The Ultimate CSS Selectors Cheat Sheet for Web Scraping

Valentina Skakun Valentina Skakun
Last update: 30 Apr 2024

There are several ways for data scraping. One of the most common is web scraping using CSS selectors.

Every website has it’s own structure similar at all it’s pages. And every HTML element at this site has its own address. Selectors, in it’s turn, allow to select the rules that will be used to select the html content of group of elements.

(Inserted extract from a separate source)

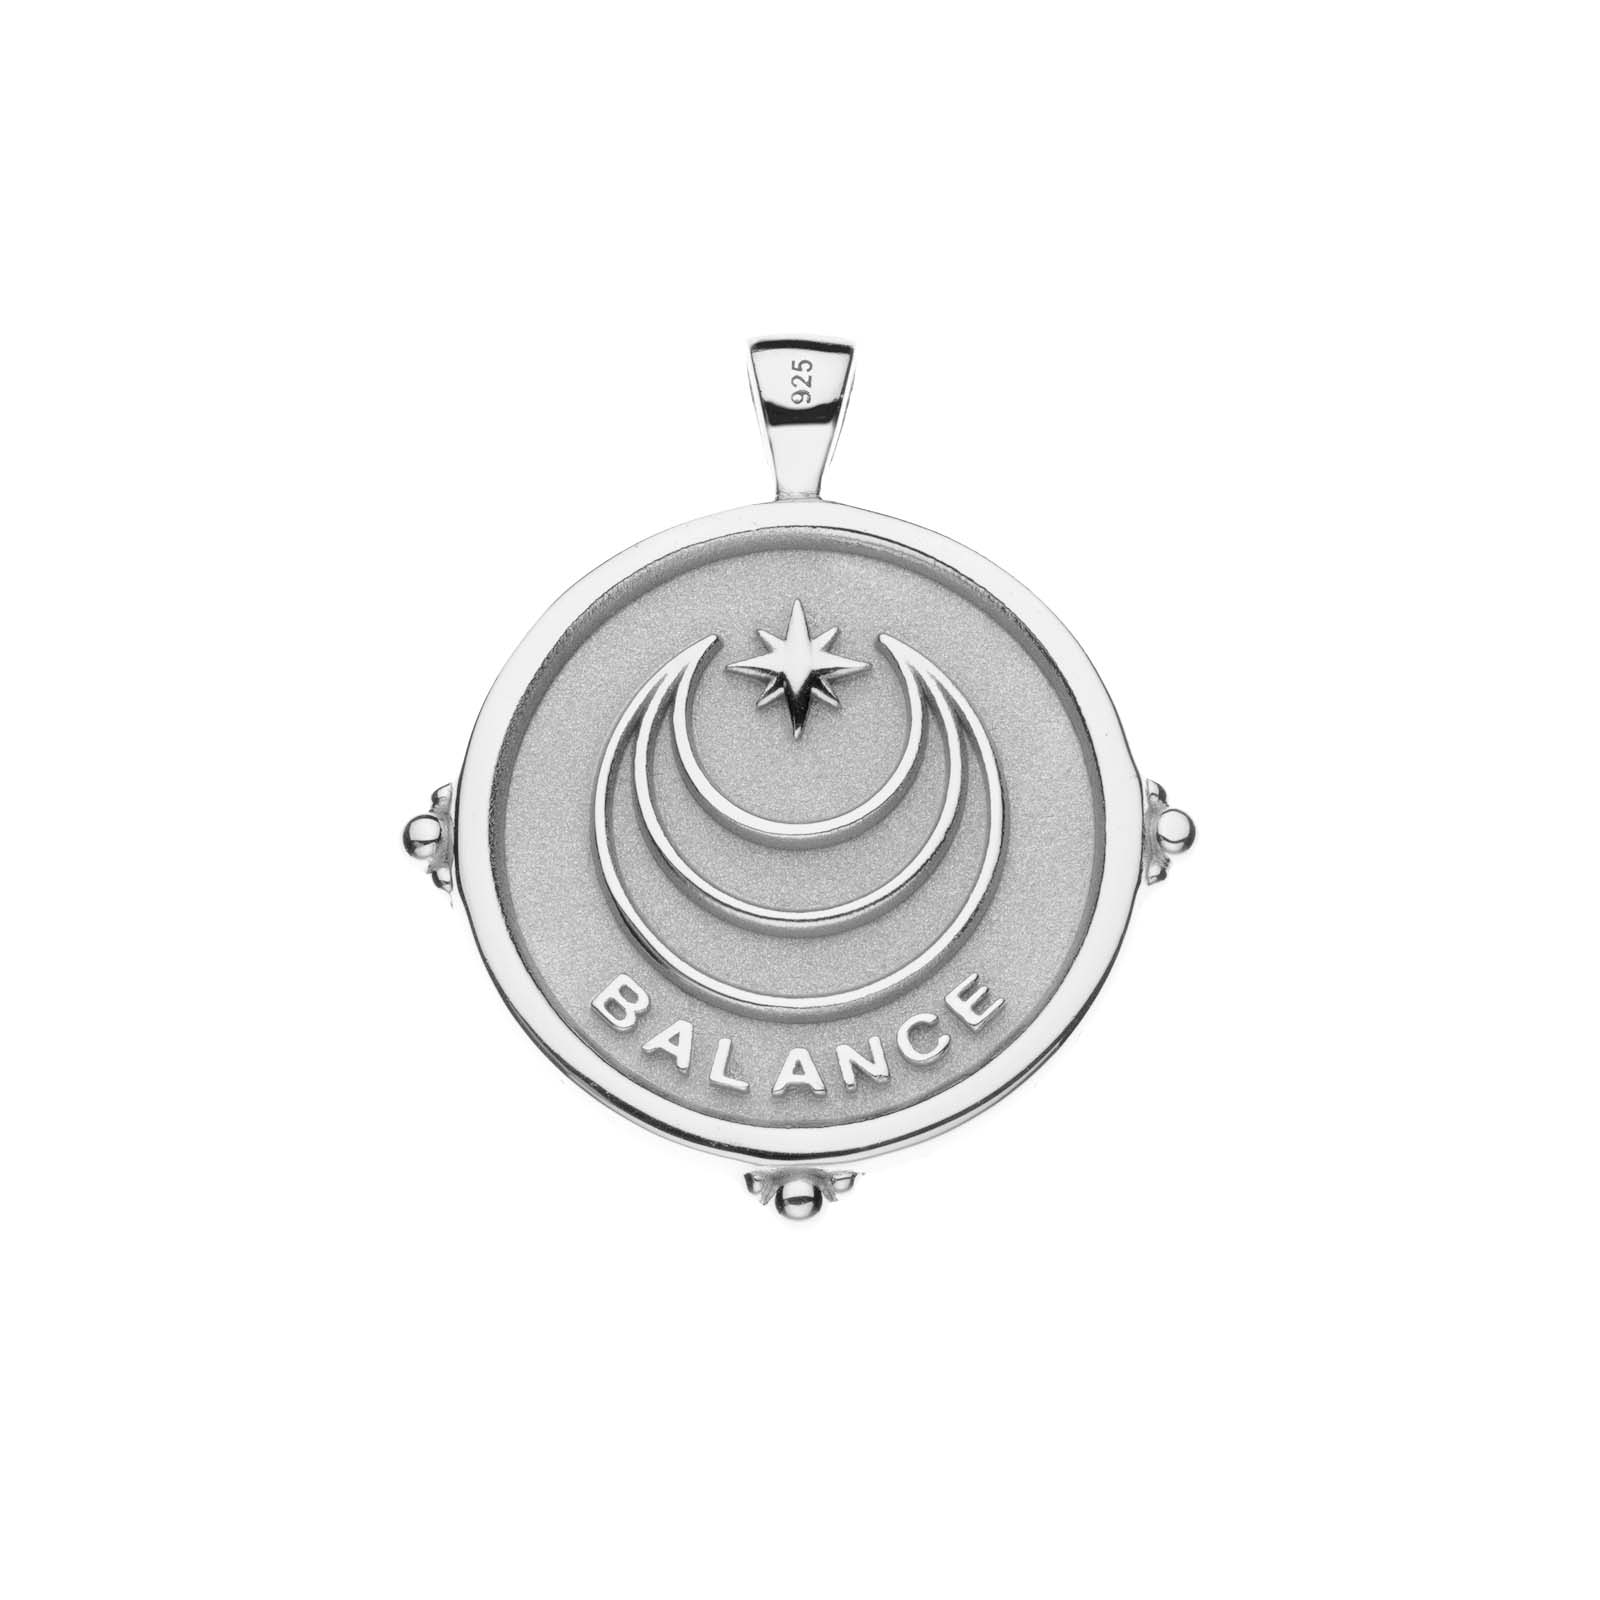 BALANCE JW Original Pendant Coin in Silver

Different types of CSS selectors and their uses in Web Scraping

There are some CSS selector types that divide into groups depending on their purpose. The main CSS selector list contains:

Universal selectors

They are designated by the * sign, and mean all HTML elements. An example of a universal CSS selector:

* {
    font-family: Arial, Verdana, sans-serif;
 }

Tag selectors

Allows to apply the specified rule to all elements located inside the specified html tag. Tag selector example:

p {
  padding-bottom: 15px;
}

Class selectors

Applies the specified rule to all elements with class attribute. Example of class selector:

.center {
  text-align: center;
}

ID selectors

Applies the rule to all elements that have the id attribute specified by the rule. For example:

#footer {
  margin-top: 50 px;
}

Attribute selectors

They are used to selection attributes by name or value of particular attribute. There are following types of attribute selectors:

  • [attr] – selecting elements by the attribute name.

  • [attr=value] - selection based on the attribute name and its value.

  • [attr^=value] - selection based on the attribute name and the value to start with.

  • [attr|=value] - select by attribute name and its value, which is equal to bracketed.

  • [attr$=value] - selection based on the attribute name and the value to end with.

  • [attr*=value] - selection based on the specified attribute containing the bracketed value.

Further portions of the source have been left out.